Finding the Nuskin stuff was a total game changer. Both the Cerave and the Nuskin are reasonably priced and will last me a very long time for the purpose of making this C serum. I love doing it this way... it doesnt require constantly making new stuff all the time because it lasts! Its super easy. And the Nuskin has everything I need... its got HA, Niacinamide, and Napca. The Cerave has ceramides.
Ive read that niacin and C shouldnt be put together in one serum (because of different PH's, the Niacin will supposedly immediately oxidize the vitamin c (turning it yelllow instantly) rendering both useless)... But honestly, this recipe is working very well for me, and I will keep doing it. The results have been way too good. As I said before, my serum still has not turned yellow and its been a month. Go figure.
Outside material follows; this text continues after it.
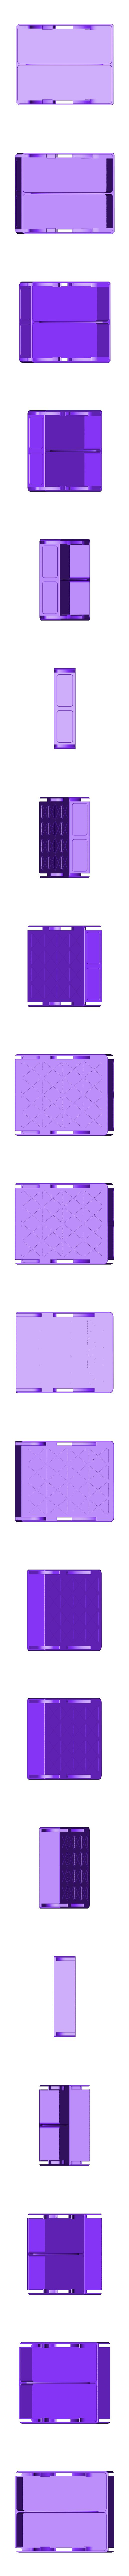 cont liv 2 2 pz.stl Download STL file Multiple container ( closed 180x370mm) construction Contenitore multipla trasportabile Multibox • 3D printable design, mikifly10
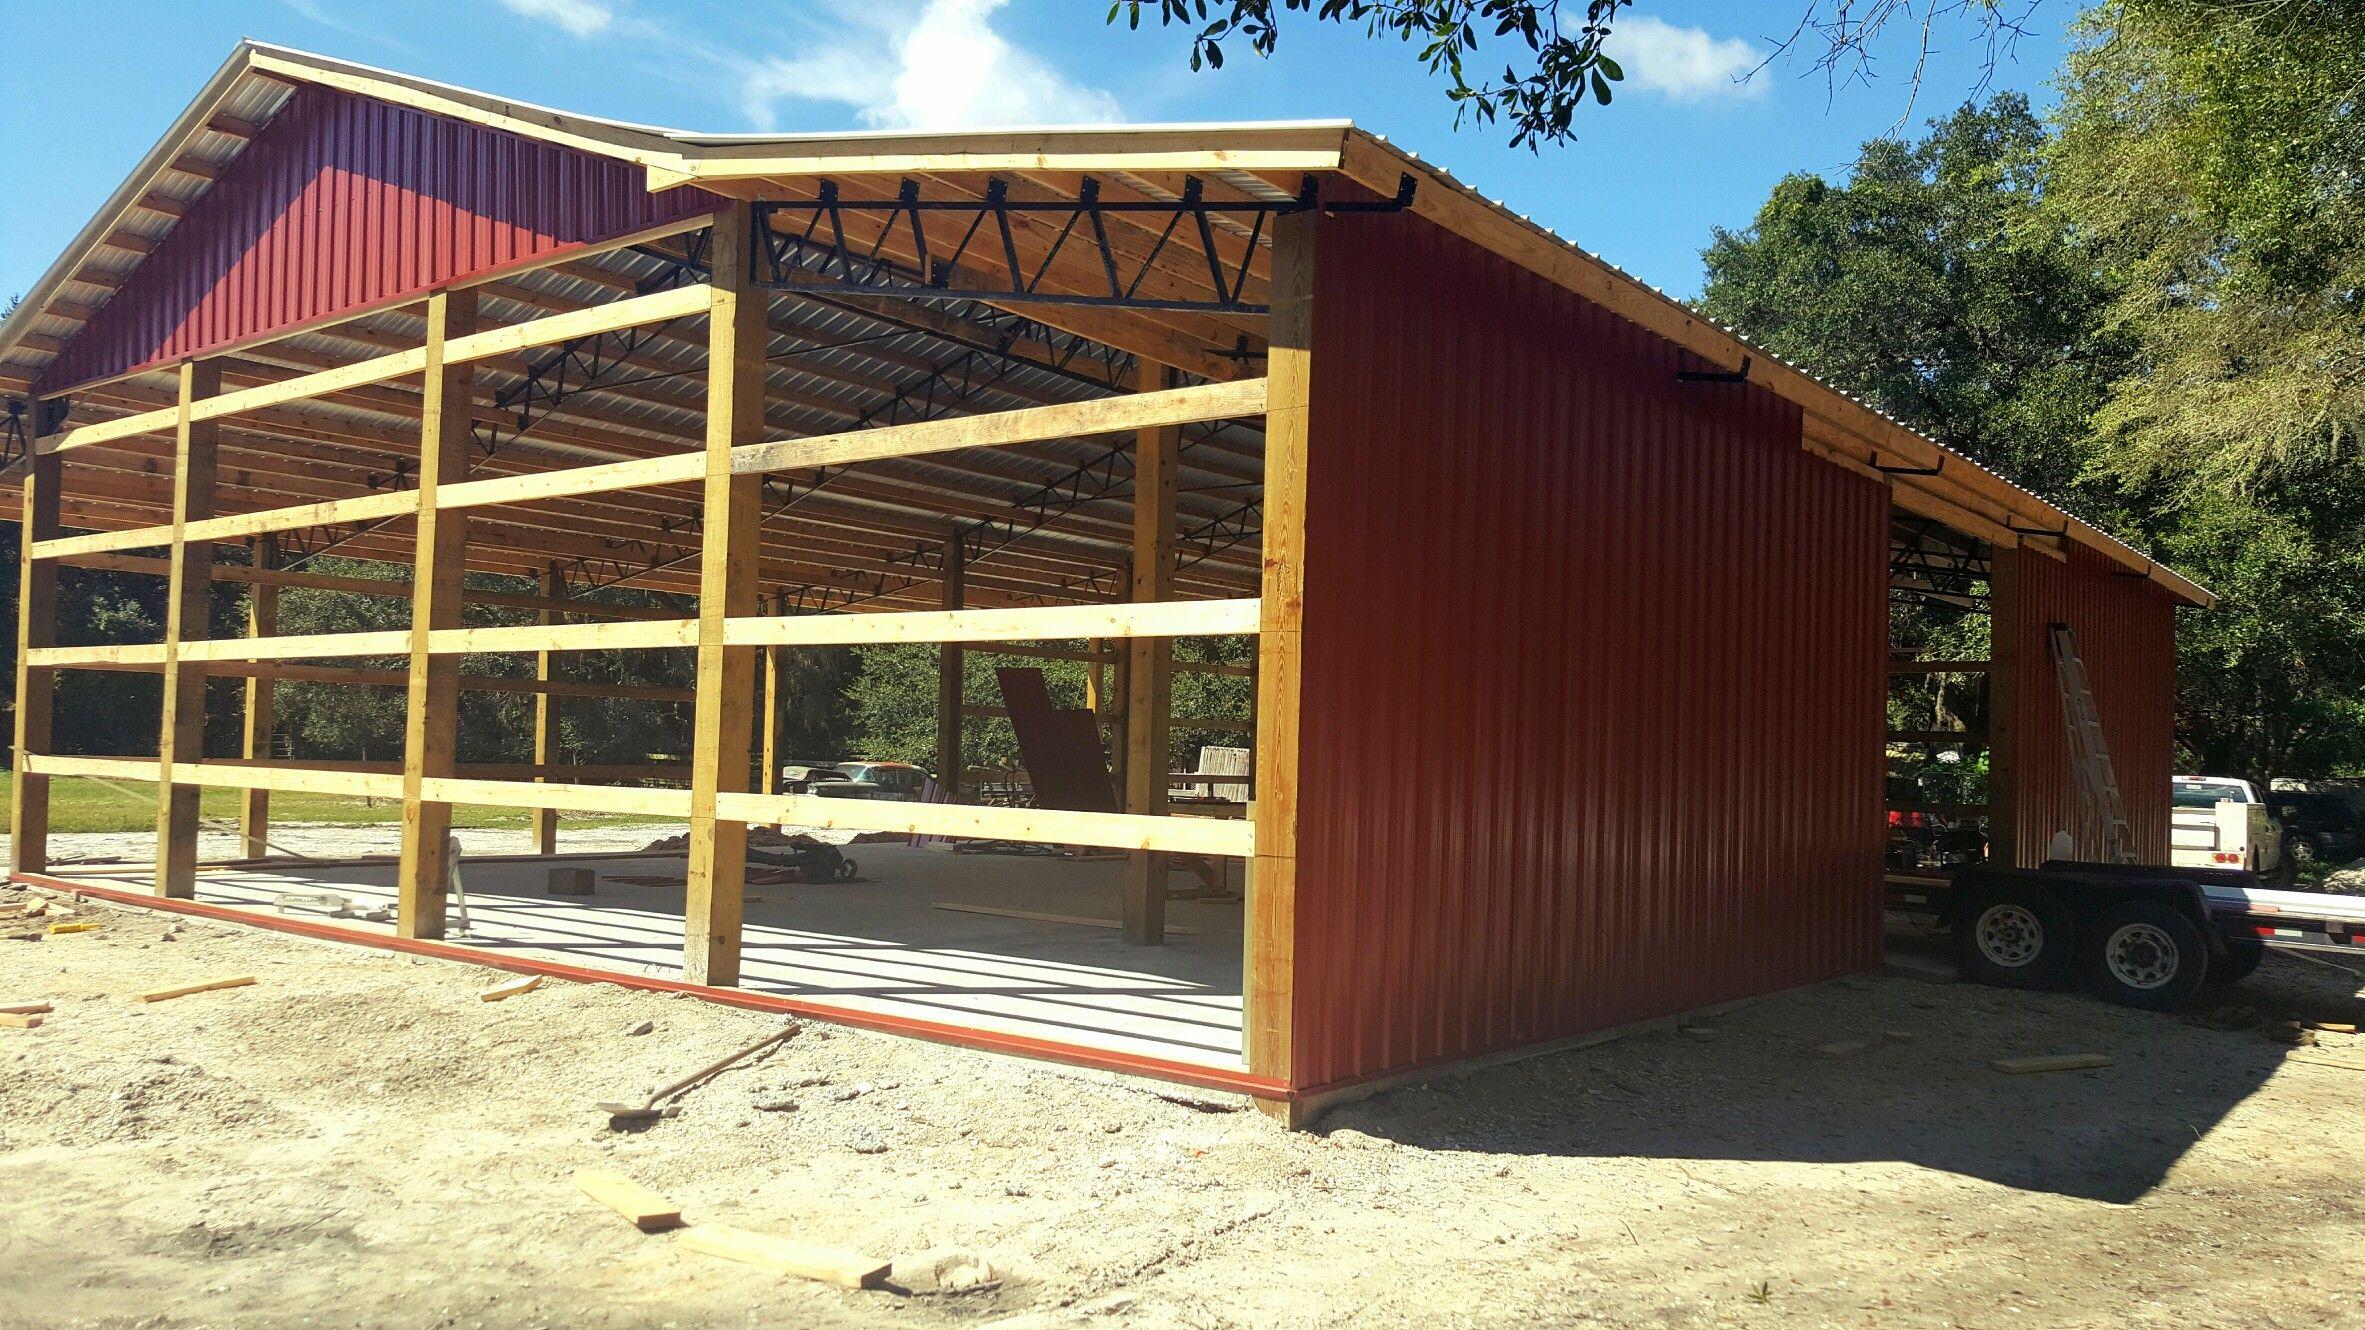 designing builders your pole now buildings post berkey frame barn building licenced barns start mallett alabama

15 out of 20 people found this review helpful.

on 4/28/2015 10:22:00 AM

Age: 44-55

Skin: Combination, Other, Not Sure

Hair: Brown, Other, Other

Eyes: Blue

I'll join the raves and agree with everyone here that DIY Vit C serum is cheap, easy and I'm liking the results. Most difficult part is getting the PH right. Should be below 3.5 or at 3 to be ideal. Too low and is harsh, too high and doesn't work because won't penetrate the skin. I make 20% formula from a recipe found on reddit and all ingredients together usually end up ph 2, so I raise with a touch of baking soda (and I mean a tiny amount, less than 1/8 tsp) to ph 3. The Lotioncrafter ultra fine Vit C crystals are a must, because otherwise takes forever for the Vitamin C to dissolve, and their PH test strips are cheap and easy. I also bought the NOW glycerin and dark bottle (at Wholefoods). My serum lasts about a week before begins to oxidize.

6 out of 6 people found this review helpful.